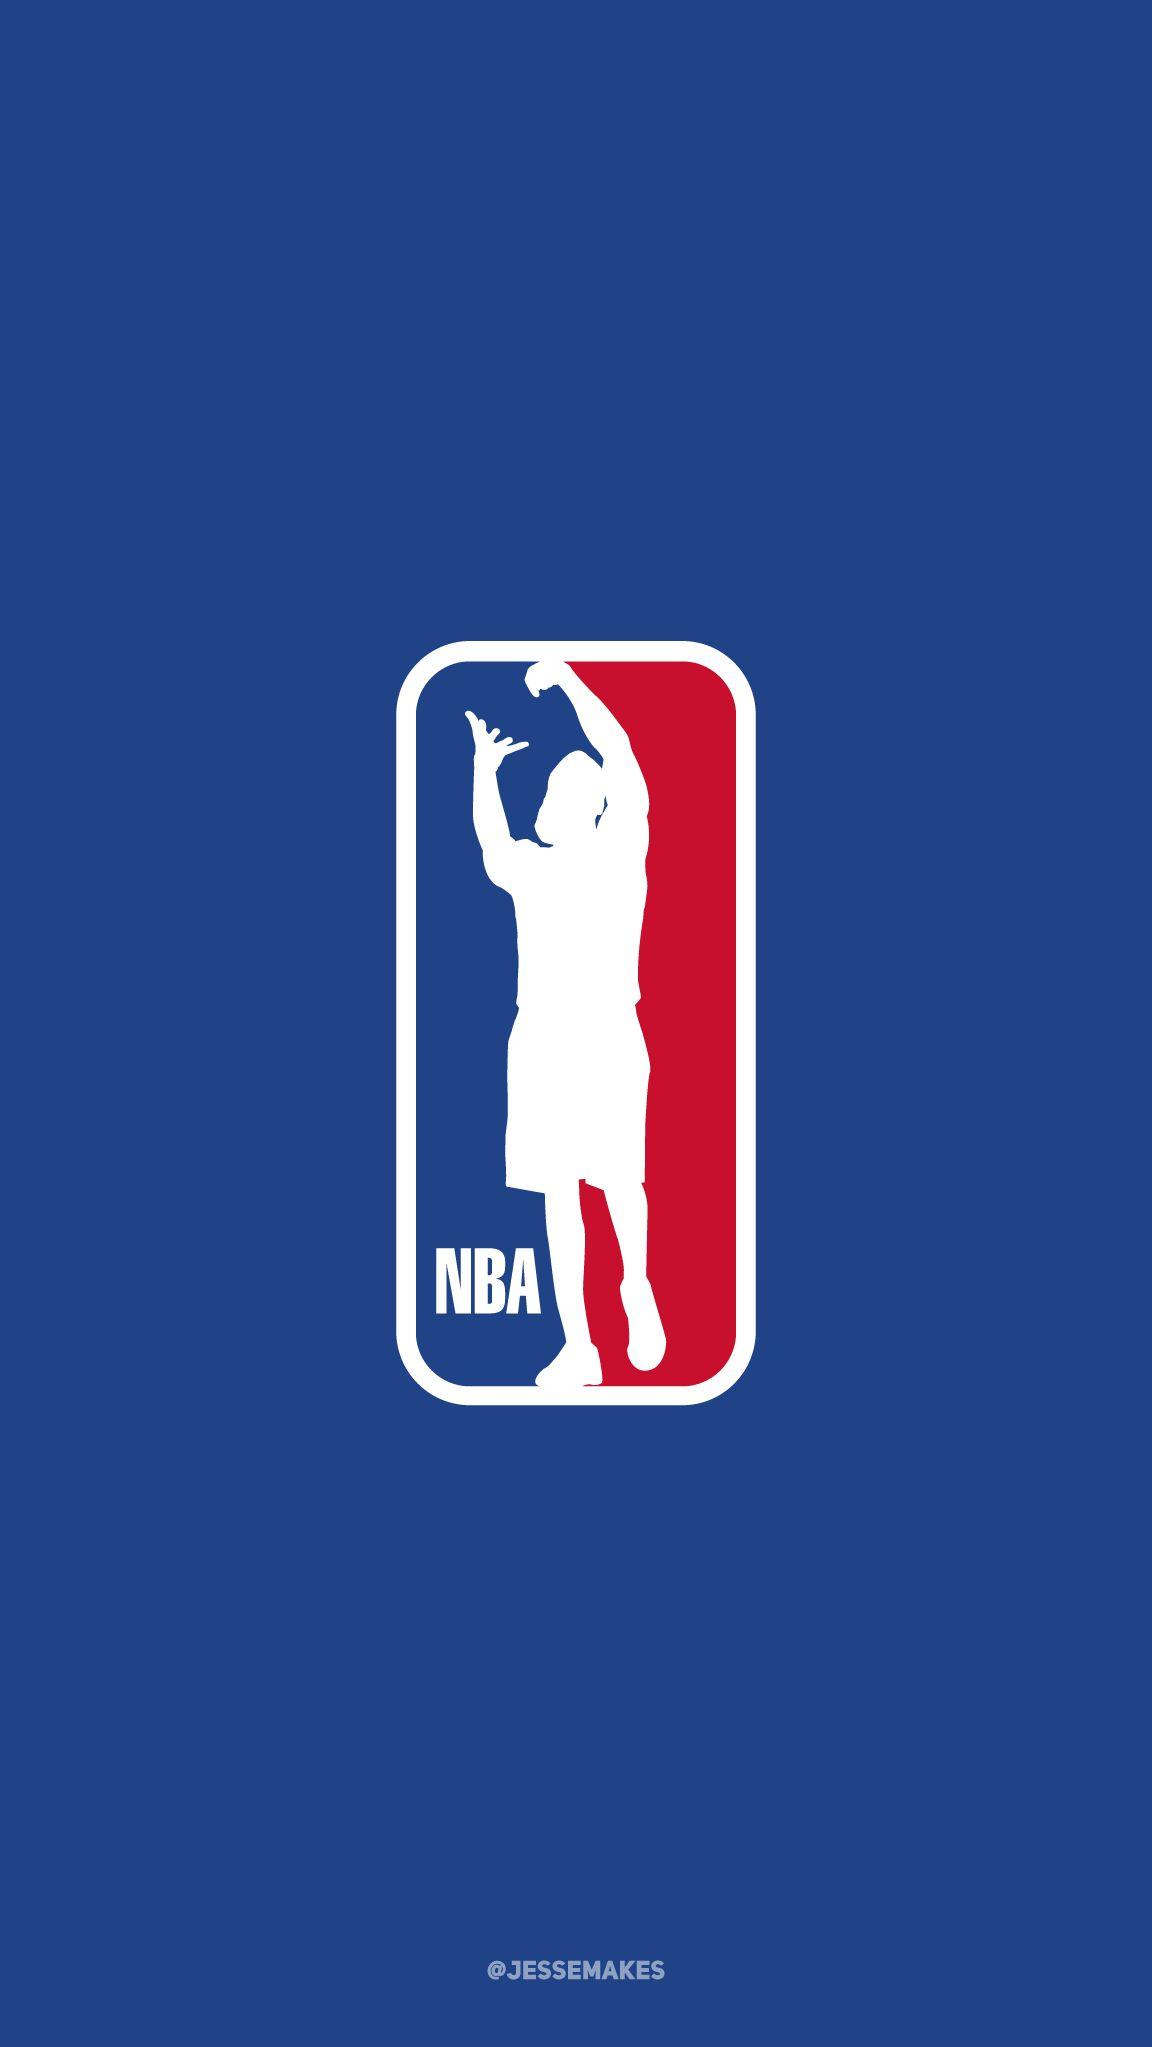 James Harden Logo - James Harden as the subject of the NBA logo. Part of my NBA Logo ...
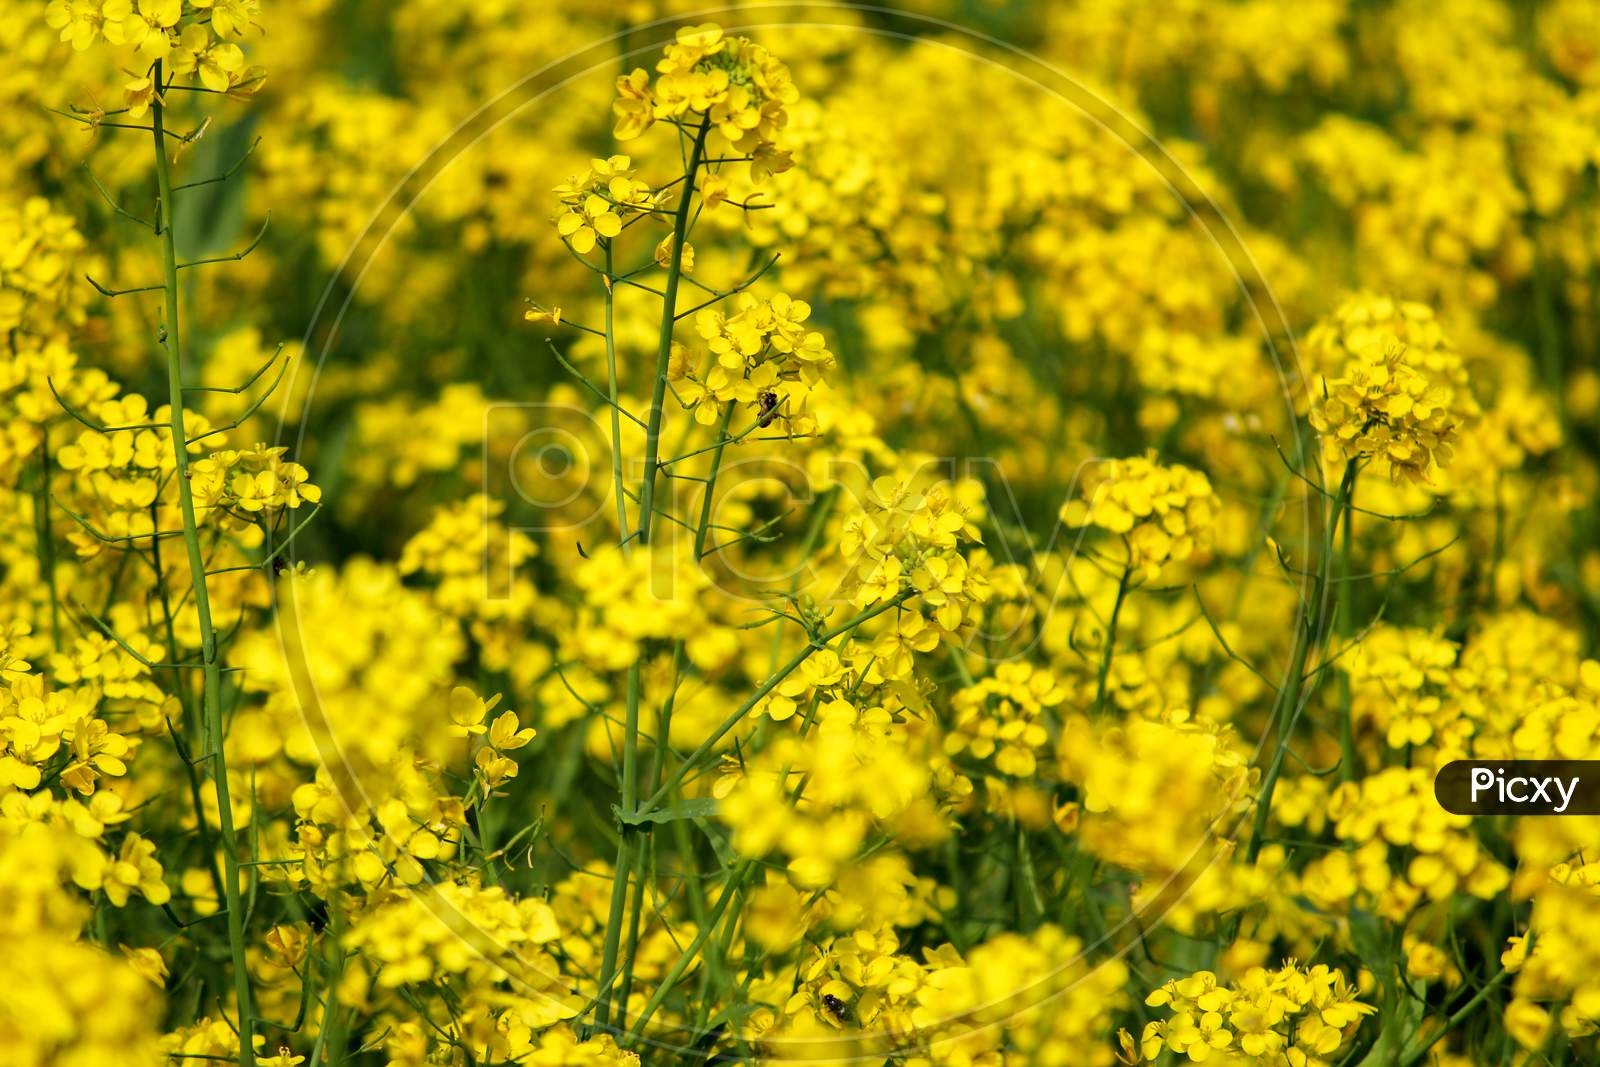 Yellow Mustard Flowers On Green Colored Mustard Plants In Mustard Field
==
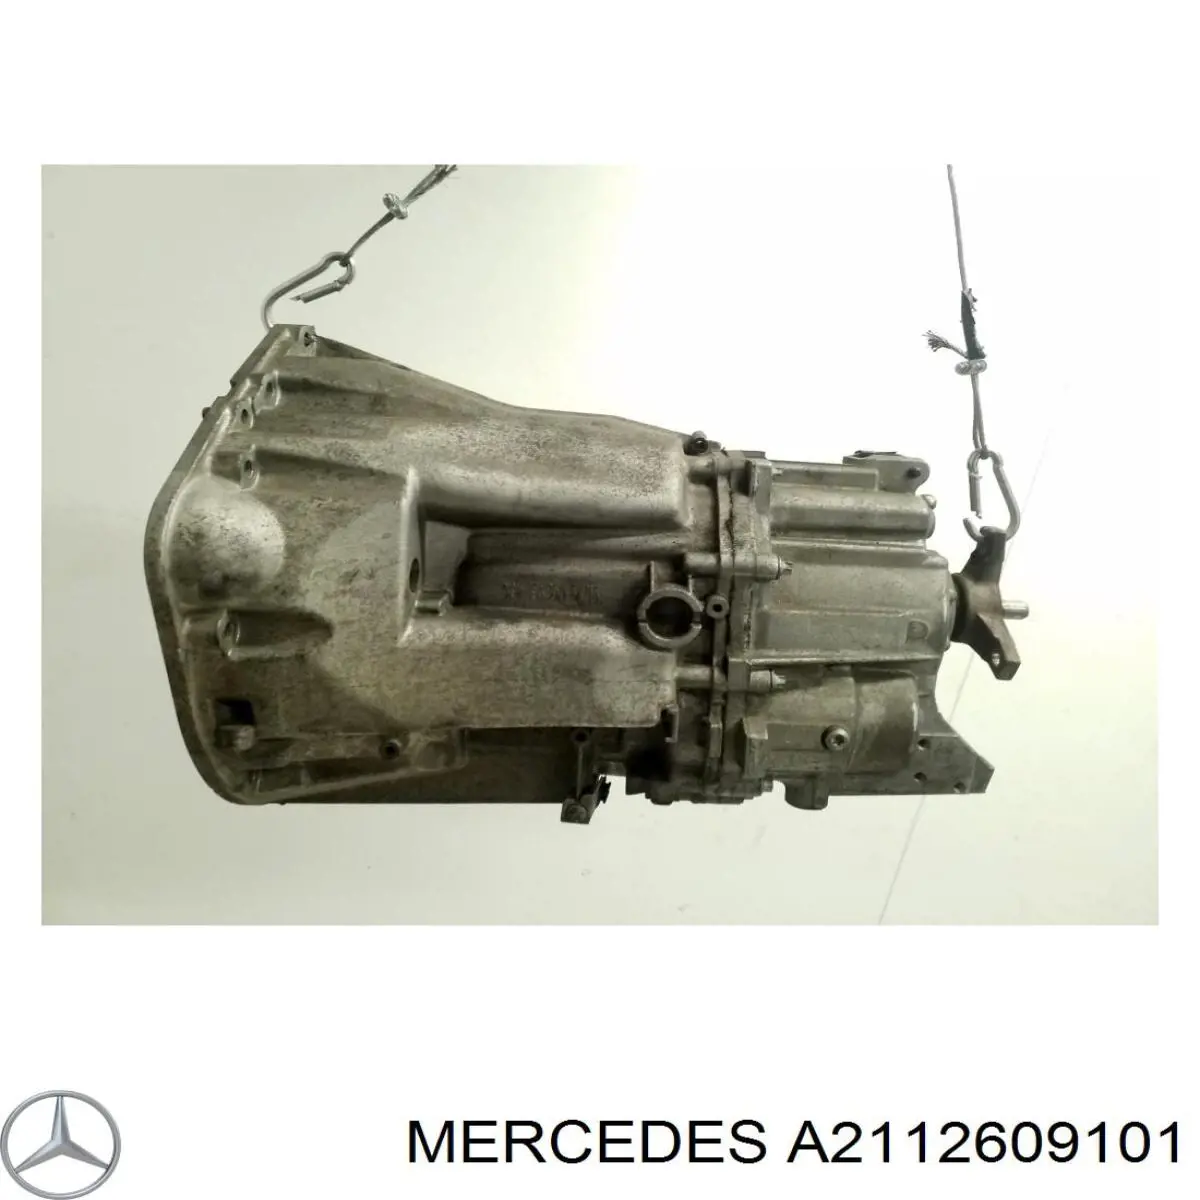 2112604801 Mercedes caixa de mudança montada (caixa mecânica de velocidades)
==
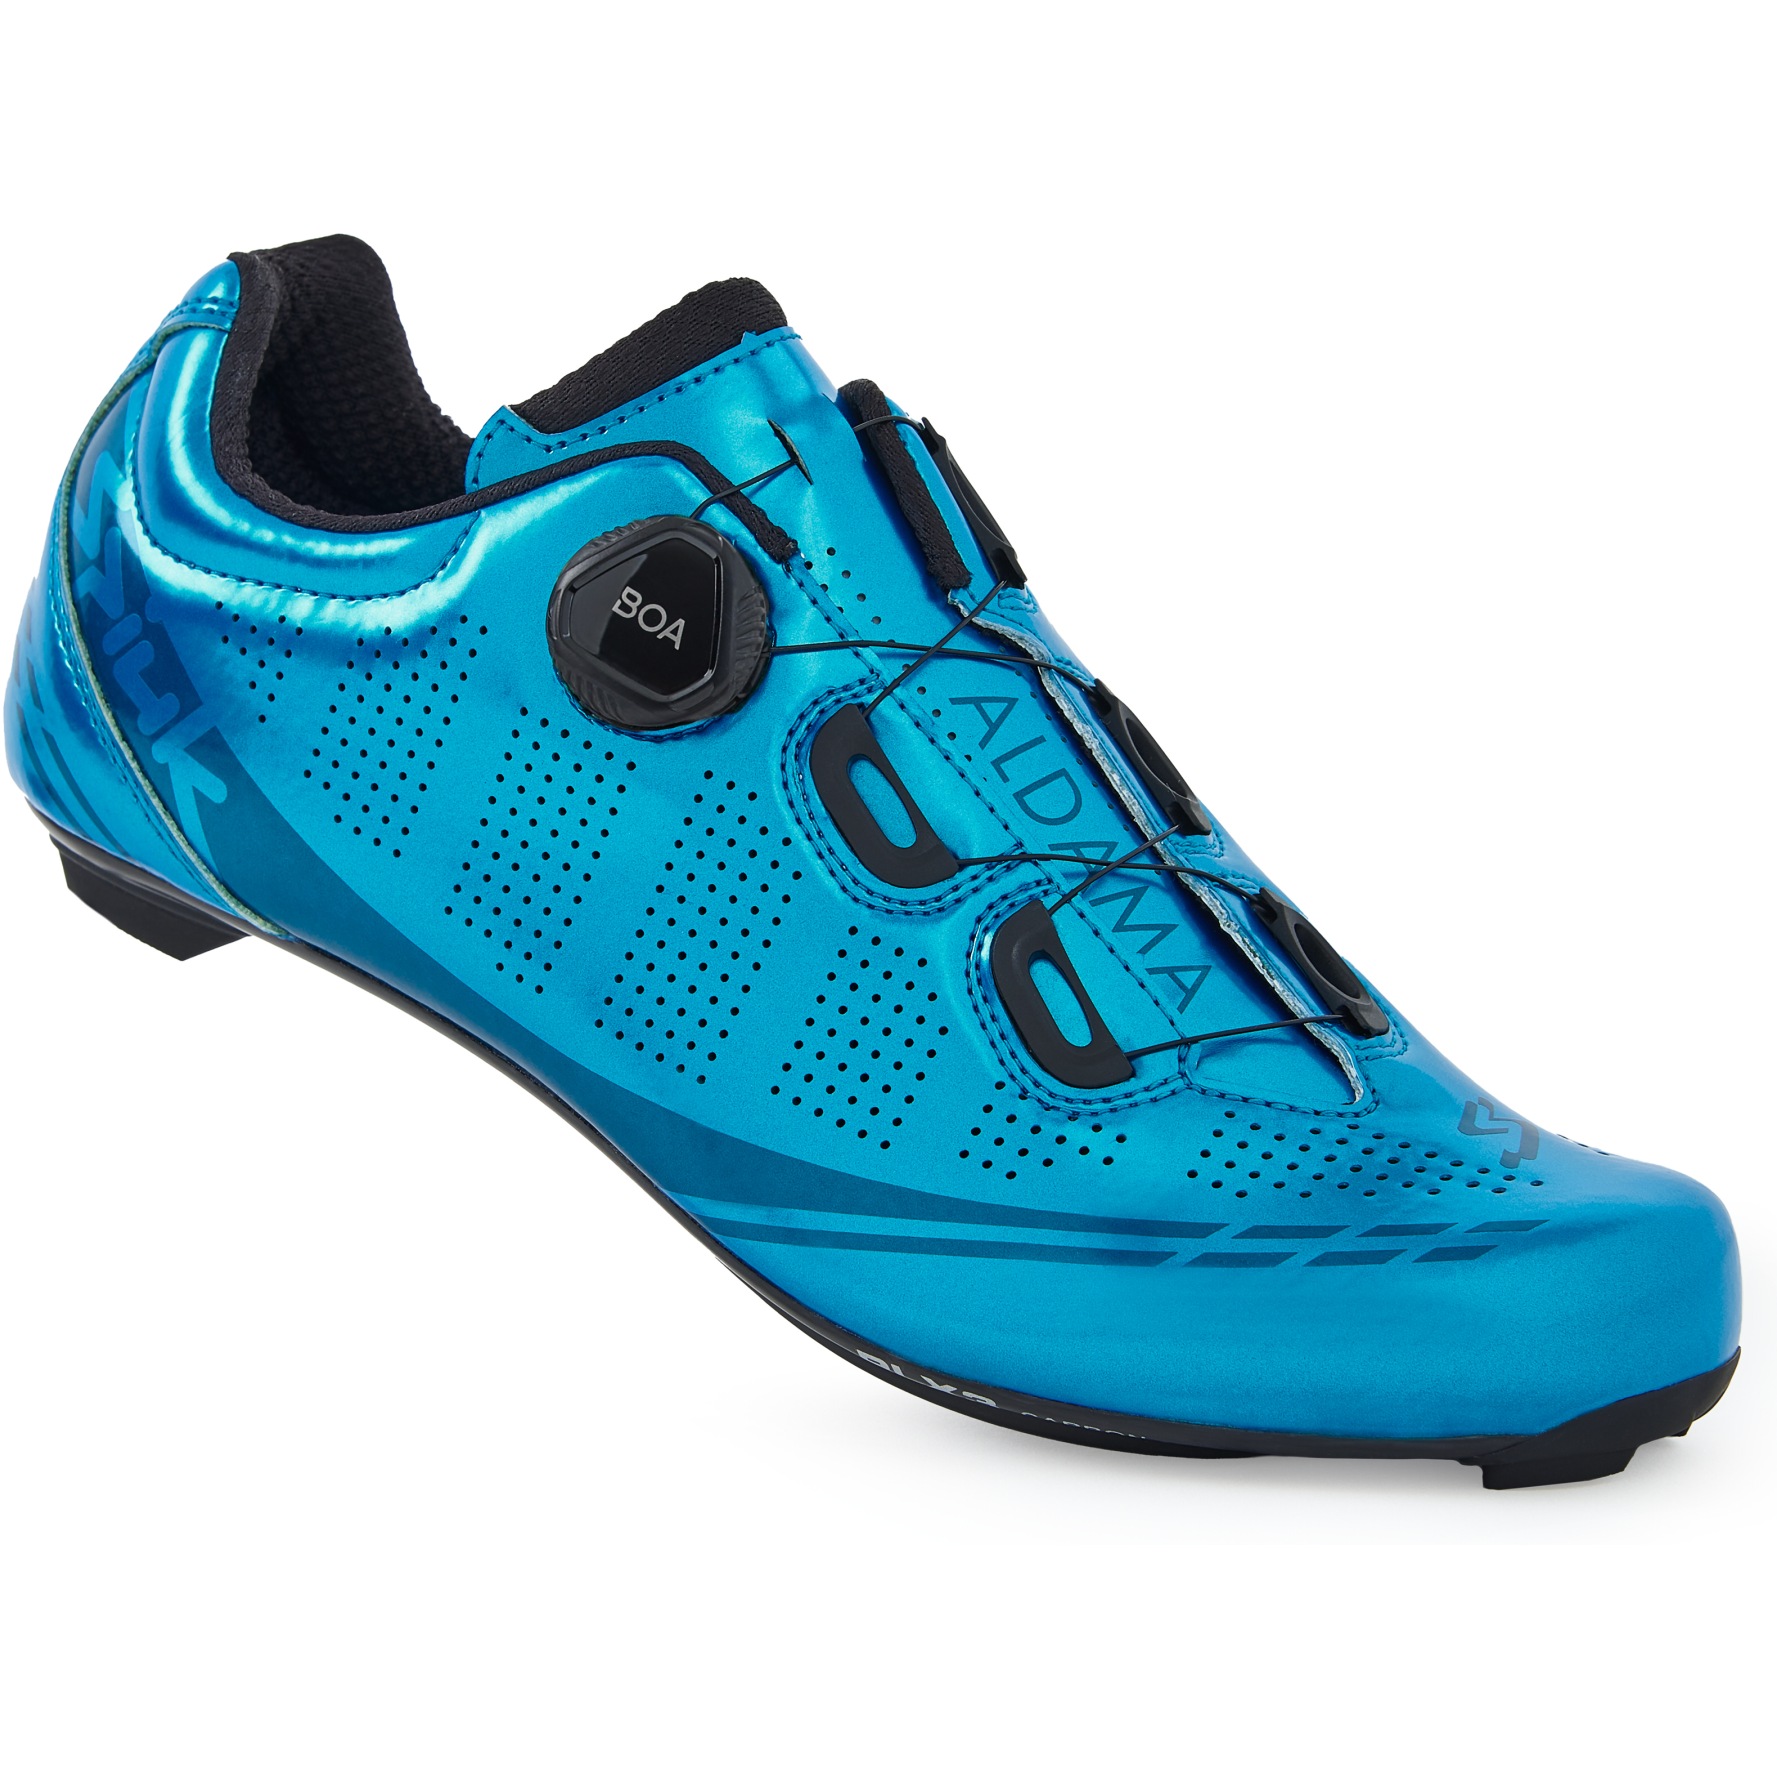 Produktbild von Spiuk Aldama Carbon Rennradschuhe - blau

What needs to be done :: Since the pictures are not part of the copy, please transcribe only the lines above from the one with "James Harden Logo" through the one with "Yellow Mustard Flowers", exactly and with both ends.

Task answer ::
 James Harden Logo - James Harden as the subject of the NBA logo. Part of my NBA Logo ...
 Yellow Mustard Flowers On Green Colored Mustard Plants In Mustard Field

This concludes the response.